Now we'll evaluate the new model on the training set as well:

# Run this cell without changes

# Fit the model to the training data, using a subset of the
# training data as validation data
reg_model_results = model_with_regularization.fit(
    x=X_train,
    y=y_train,
    batch_size=None,
    epochs=20,
    verbose=0,
    validation_split=0.4,
    shuffle=False
)

plot_loss_and_accuracy(reg_model_results)

(Whether or not your regularization made a difference will partially depend on how strong of regularization you applied, as well as some random elements of your current TensorFlow configuration.)
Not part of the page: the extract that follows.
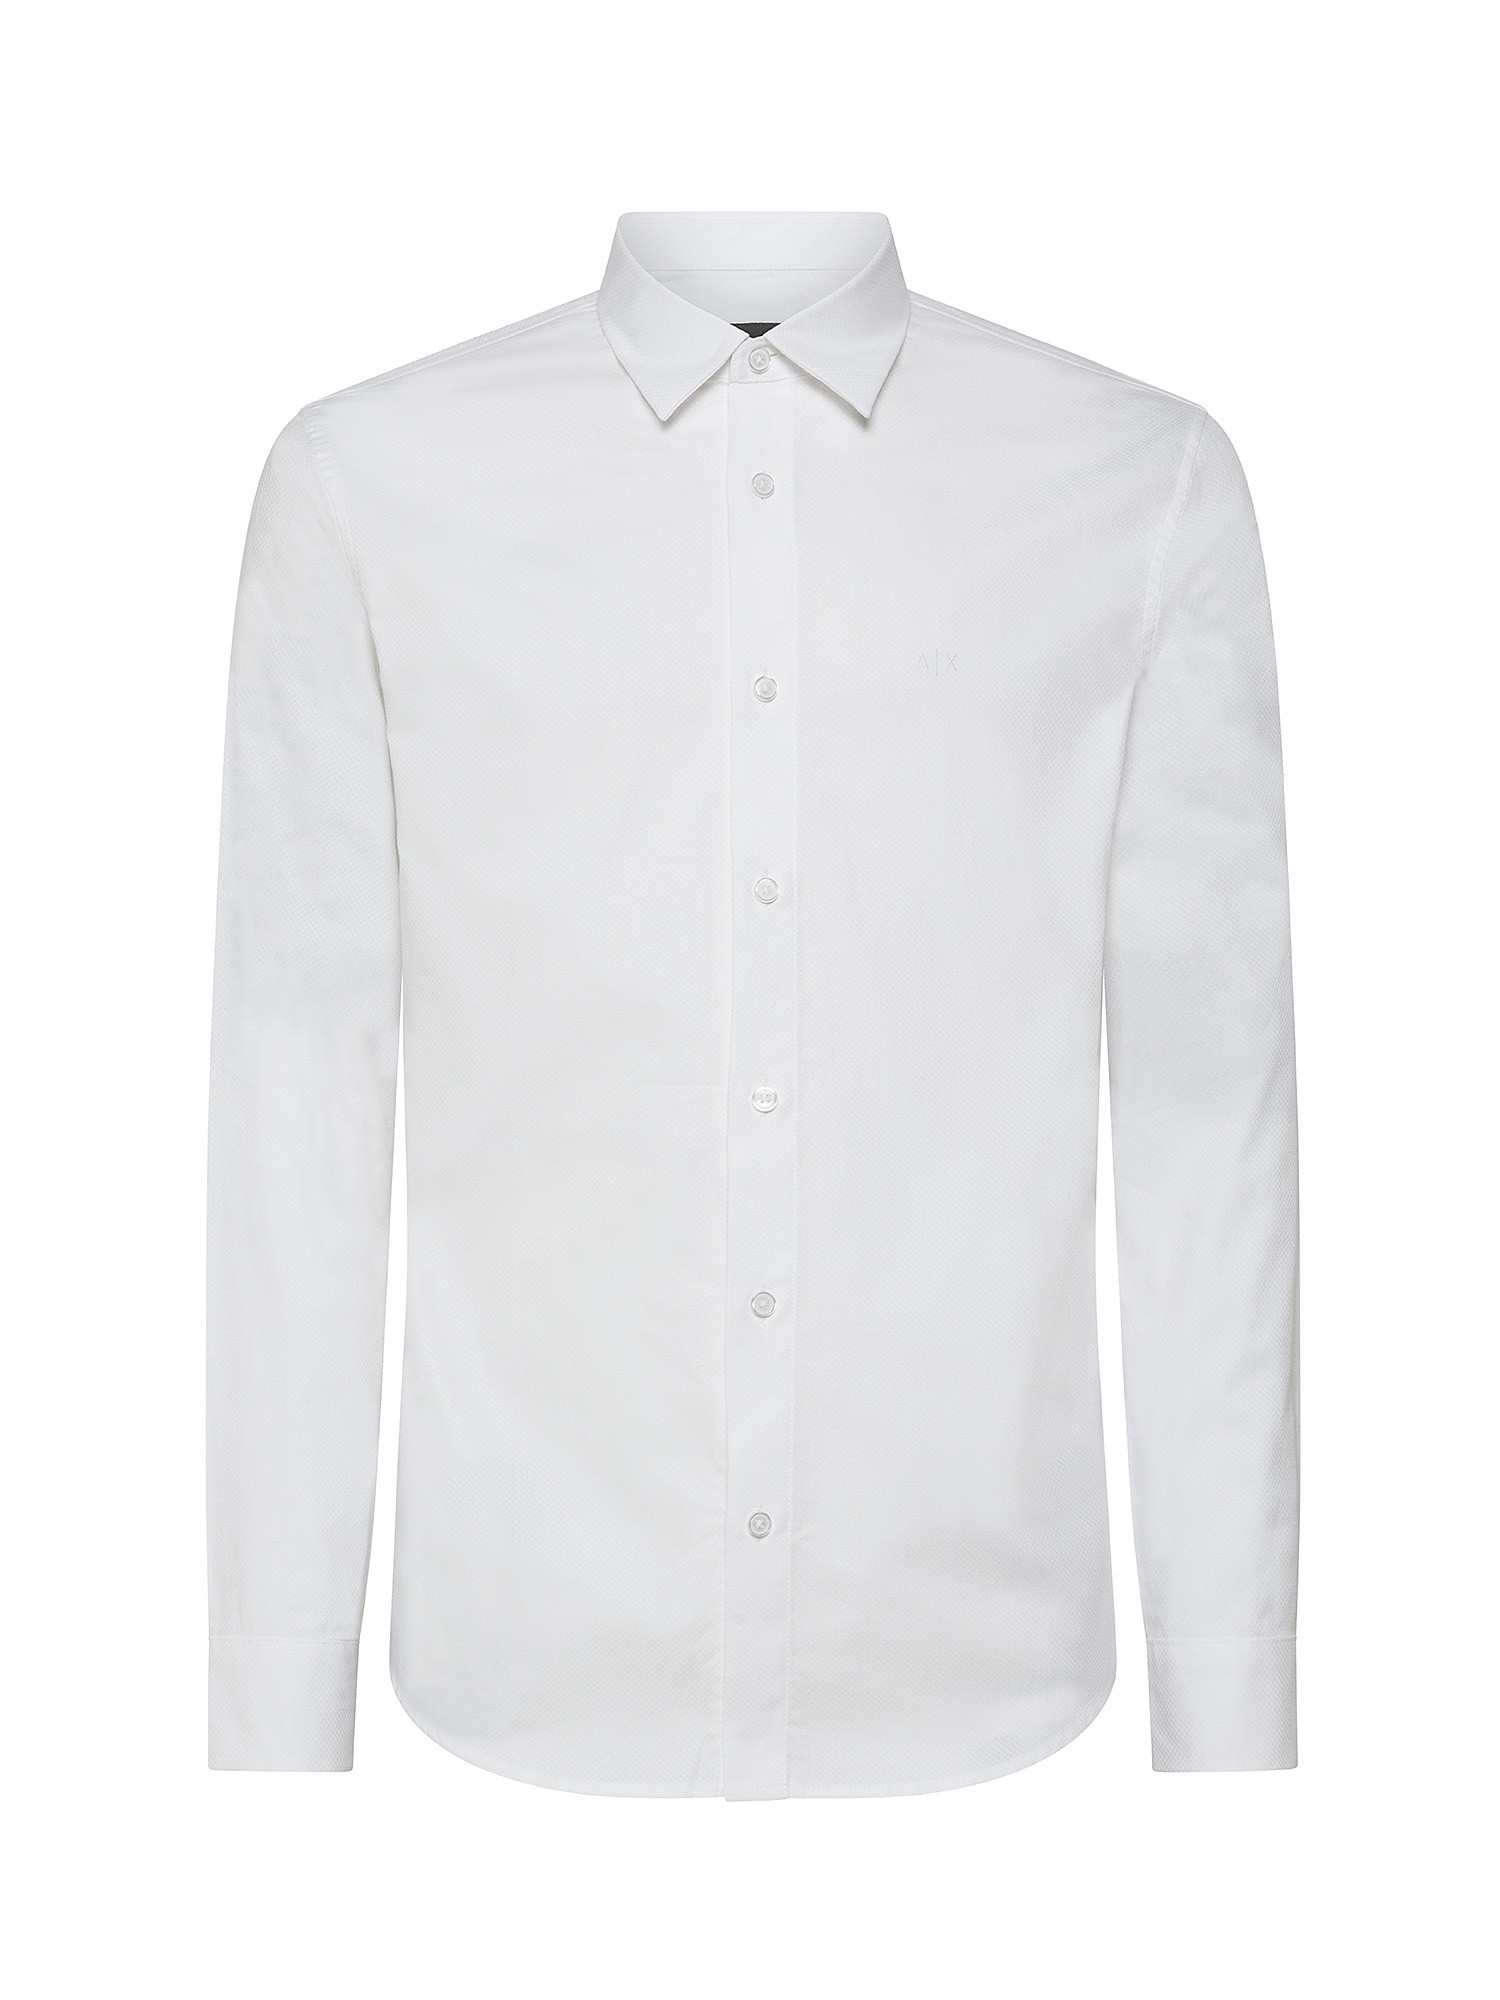 Armani Exchange - Regular fit shirt in cotton, White, large image number 1

Now we evaluate both models on the holdout set:

# Run this cell without changes

final_dense_model_results = dense_model.fit(
    x=X_train,
    y=y_train,
    batch_size=None,
    epochs=20,
    verbose=0,
    validation_data=(X_test, y_test),
    shuffle=False
)

plot_loss_and_accuracy(final_dense_model_results, final=True)

Plot the loss and accuracy your final regularized model.

# Replace None, as necessary

final_reg_model_results = model_with_regularization.fit(
    x=None,
    y=None,
    batch_size=None,
    epochs=None,
    verbose=None,
    validation_data=(None, None),
    shuffle=None
)

plot_loss_and_accuracy(final_reg_model_results, final=True)